* [The data]
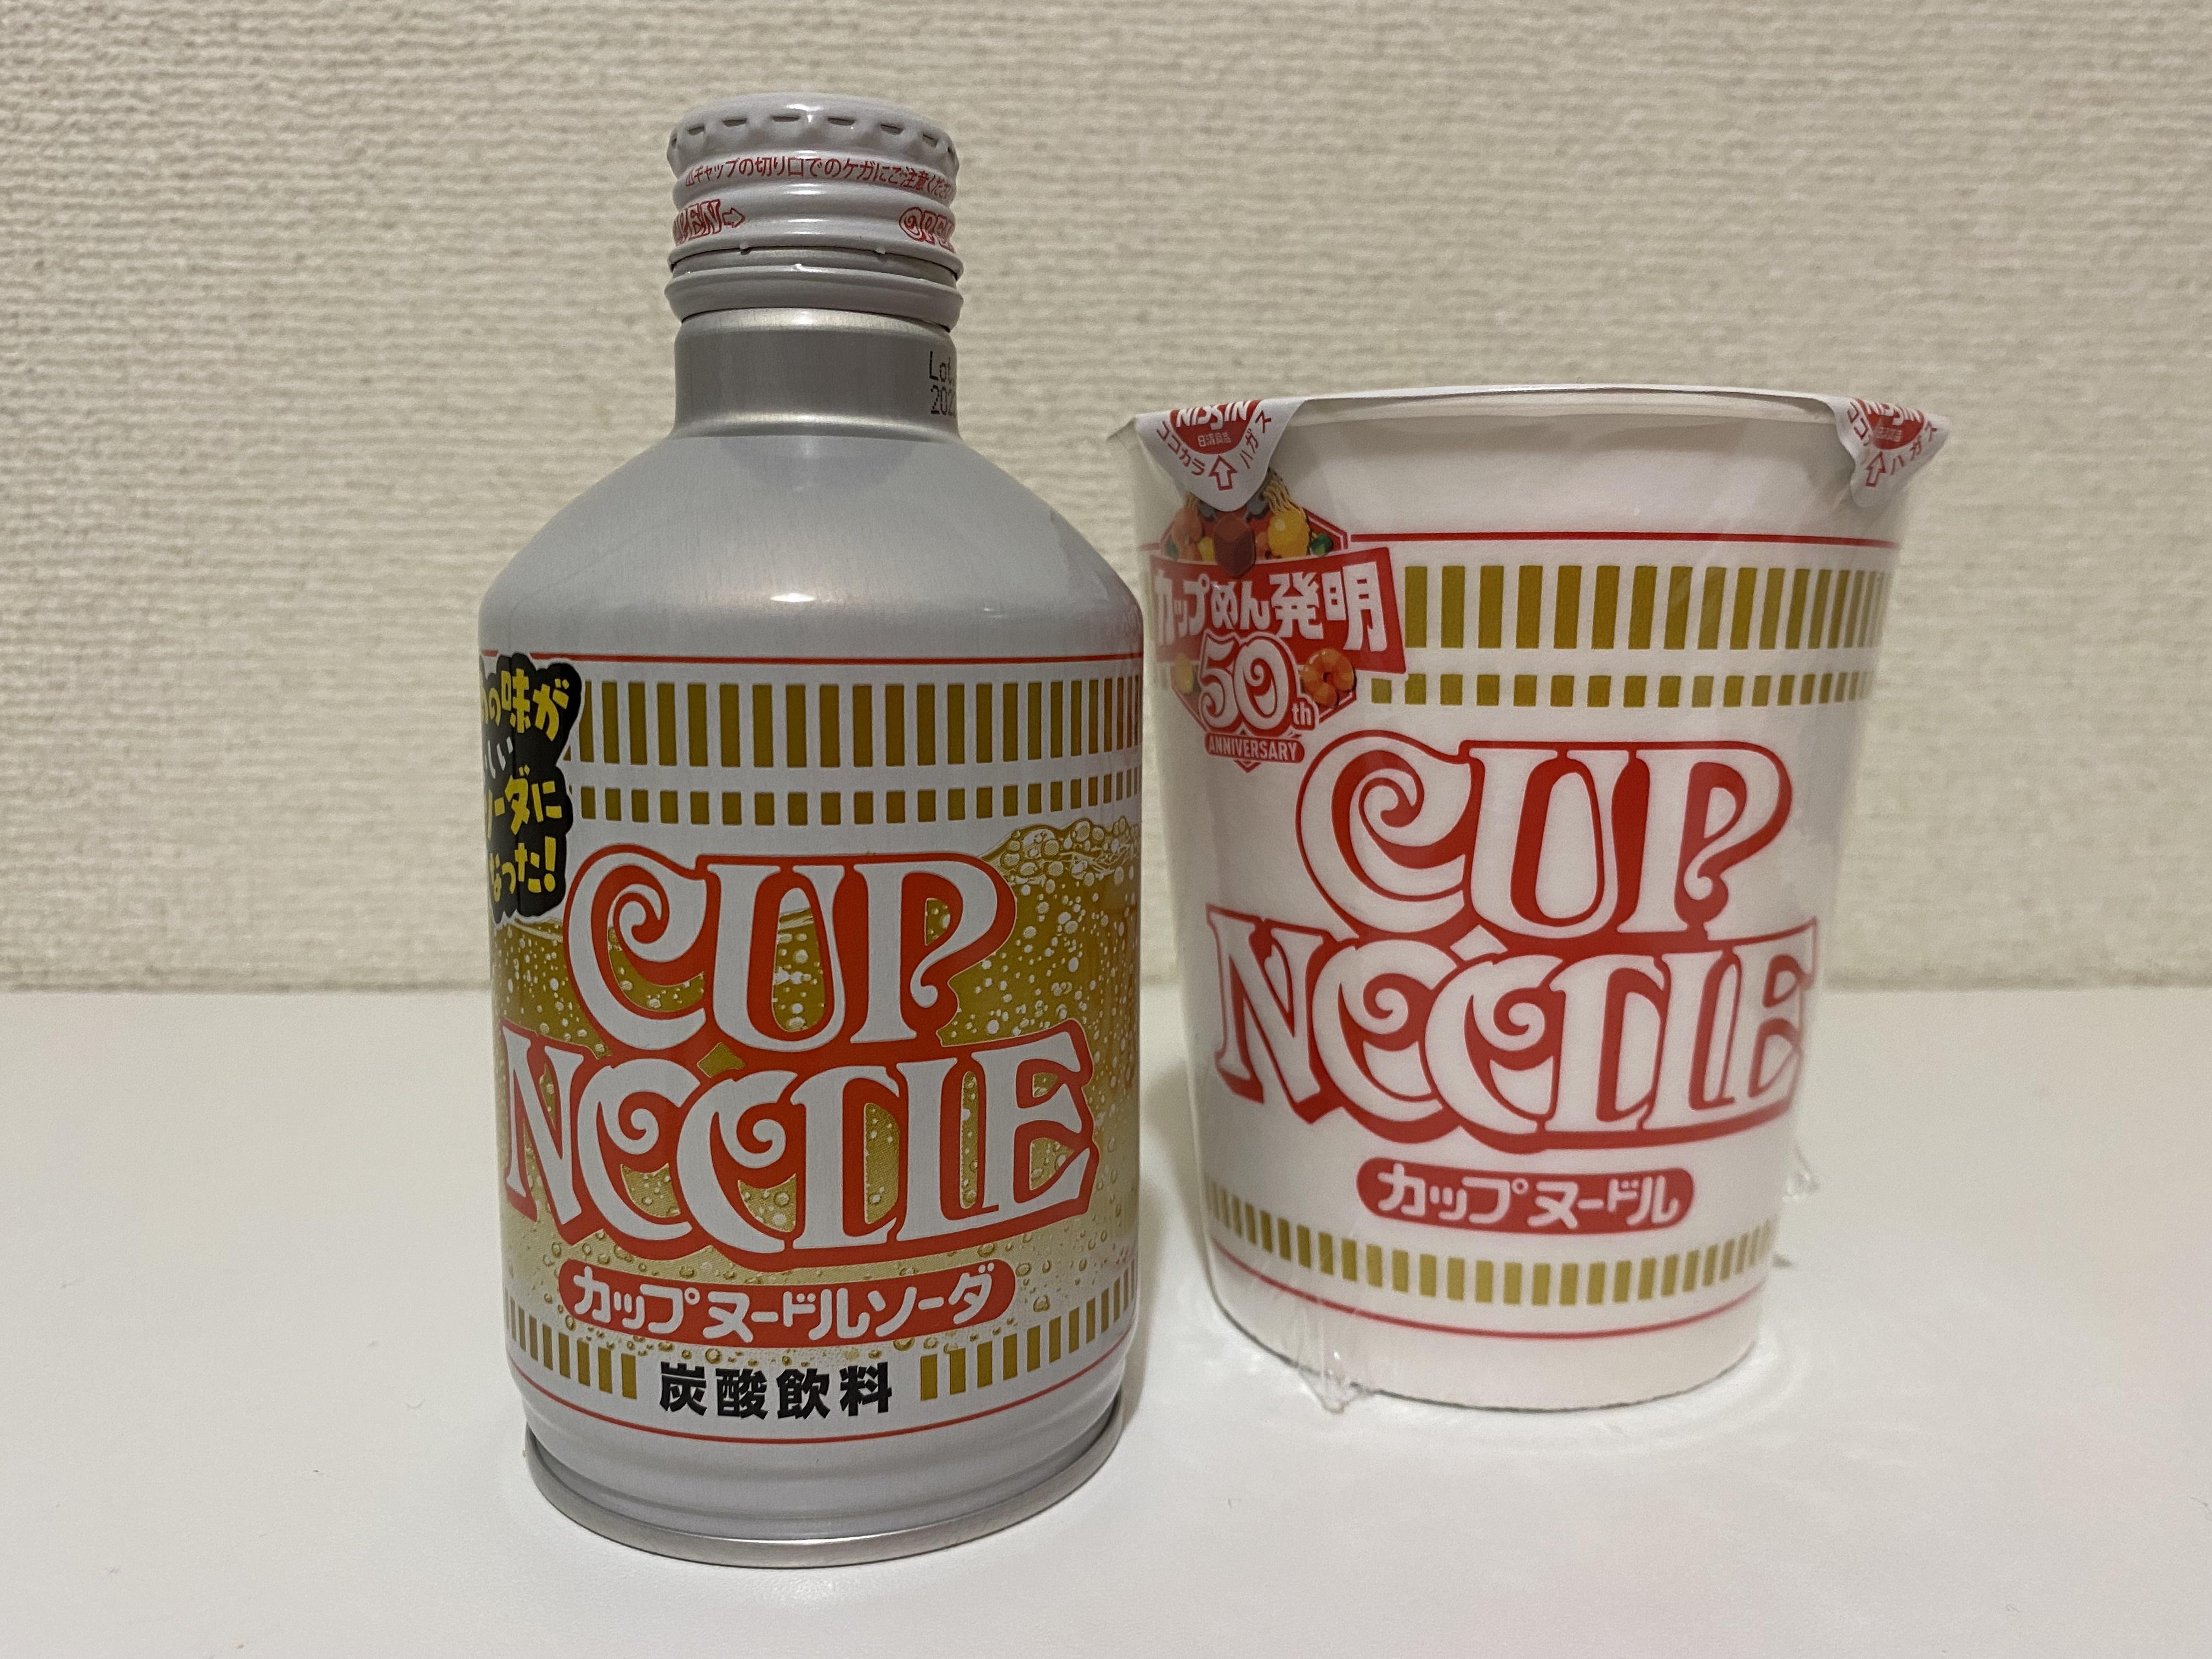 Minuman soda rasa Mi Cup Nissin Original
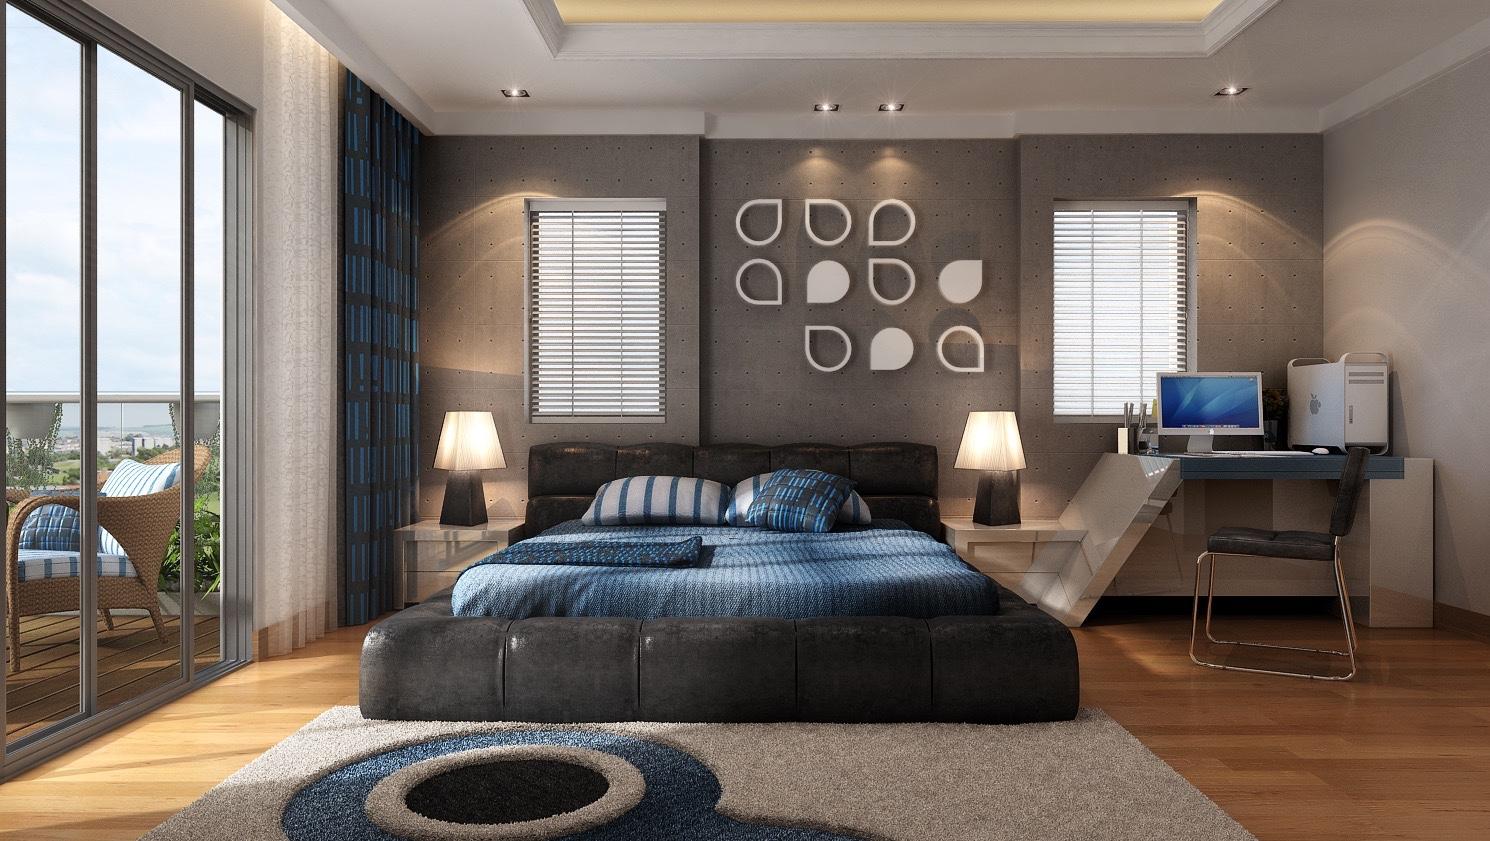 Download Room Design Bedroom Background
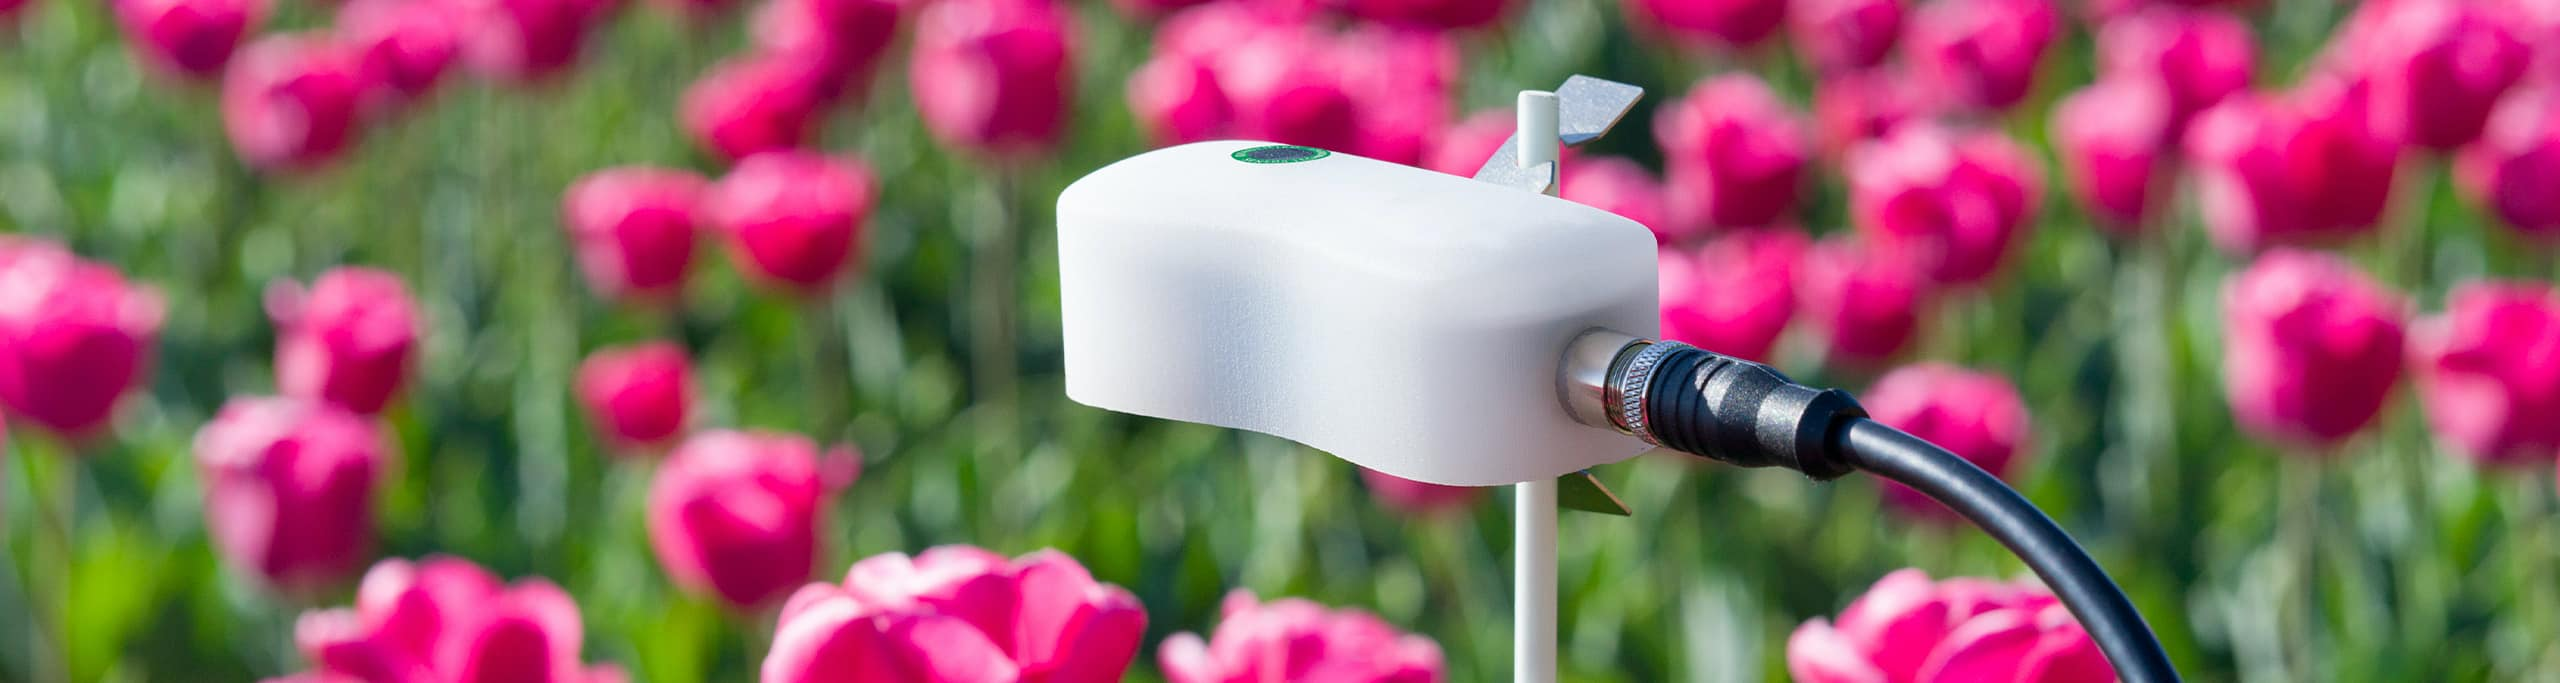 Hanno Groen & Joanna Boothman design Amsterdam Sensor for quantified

* [Task goal] Top to bottom, retype the listing exactly but drop every picture.

* [Exercise response]
 Minuman soda rasa Mi Cup Nissin Original
 Download Room Design Bedroom Background
 Hanno Groen & Joanna Boothman design Amsterdam Sensor for quantified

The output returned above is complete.